Spots of Urban Stillness: Guggenheim's Stillspotting, April/May weekends

via http://bit.ly/woqn5M

The Guggenheim presents:
stillspotting nyc: queens
Transhistoria by Solid Objectives – Idenburg Liu (SO – IL)
April 14-15, April 21-22, April 28-29, May 5-6, 2012
More information here.
See my post on last fall’s stillspotting:nyc

via Urban Omnibus:
Stillspotting
is a generous and open-ended project responding to the question of how residents and visitors alike can “escape, find respite, and make peace with their space in [a] ‘city that never sleeps’.” The question seems especially relevant for a place like Jackson Heights; designed as an early 20th century solution to the dense overcrowding of Manhattan, this “garden community” is now one of the most densely populated and culturally diverse neighborhoods in the United States.
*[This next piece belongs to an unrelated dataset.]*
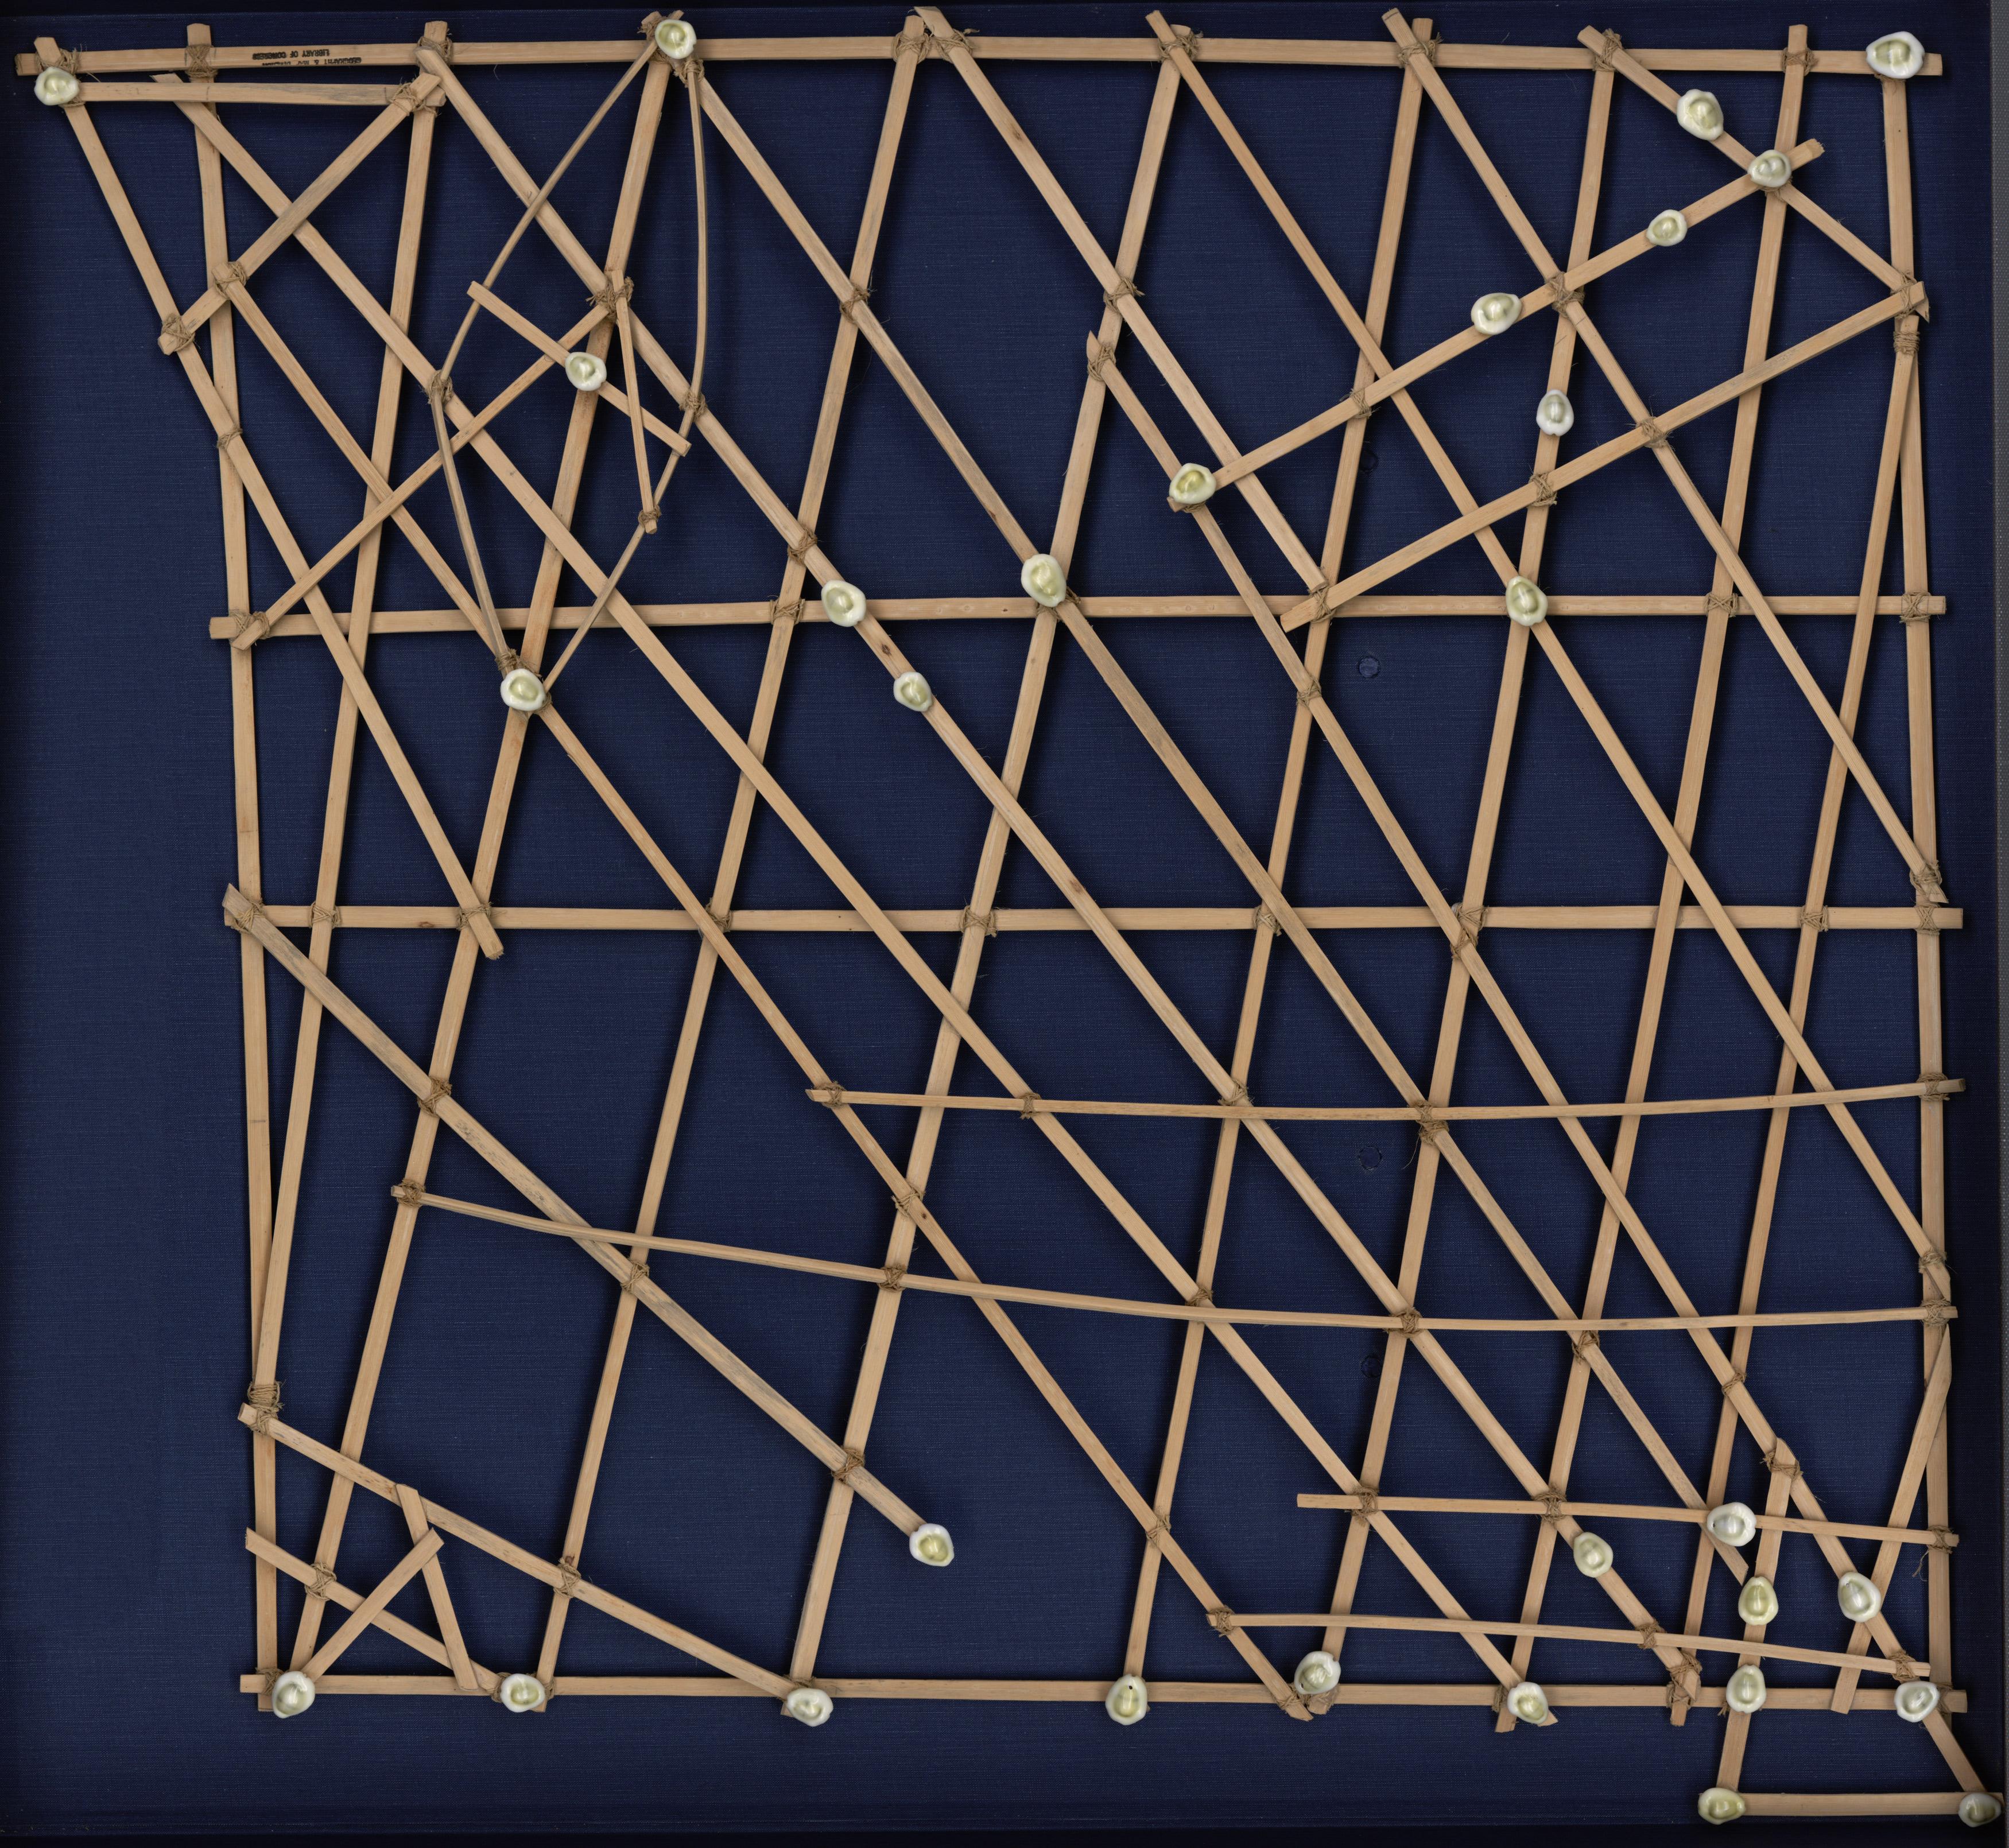 polynesie carte bois baton mer vague 02 Cartes polynésiennes de la houle en bouts de bois information histoire featured carte information

For Transhistoria, the Guggenheim asked the architects at Solid Objectives – Idenburg Liu (SO-IL) to take this diversity as a point of departure.
…The two-hour self-guided walking tour that SO-IL design is punctuated by informal gatherings at different “stillspots” between Roosevelt Avenue and Northern Boulevard where original works of prose and poetry commissioned by SO-IL are read by volunteers and discussed by all. The architects have selected a group of Queens-affiliated artists worthy of attention, including renowned poets Roger Sedarat and Maria Terrone; Chaplain William Alan Briceland; writers Erik Baard, Premilla Nadasen, René Georg Vasicek, and Nicole Steinberg; and rappers of the group Das Racist, Ashok Kondabolu and Himanshu Suri (who is also a community organizer with Seva NY).
…The sites are as gratifyingly diverse and surprising as the texts with which they have been paired: the roof of the Jackson Heights Jewish Center, a quiet living room on the first floor of a residential midrise, upstairs next to the elevated stage at Terraza 7 Cafe, the garden at St. Mark’s Episcopal Church, and at least as many more that I was unable to visit. All of these residential, commercial and public spaces are tied together by SO-IL’s elegant and subtle design intervention: a set of blue foam core stools arranged for stillspotters to gather. The furniture does not create or frame its site so much as merely mark it — encouraging physical restfulness, but also perceptual alertness to one’s surroundings. In the garden at St. Mark’s, a massive cherry blossom tree offered sanctuary enough from the bustle of the street while shedding thousands of its pale pink petals with every gust of wind. Here, on a carpet of discarded leaves, a volunteer read Maria Terrone’s reflection on the therapeutic and transformative effects of learning to cook Indian food from her neighbor, experimenting with a whole new set of ingredients than those tried and tested by her Italian upbringing. The resulting sensory experience was profoundly beautiful and peaceful, and it certainly offered stillness amid what Maria Terrone describes as the “choreographed chaos” of the street nearby.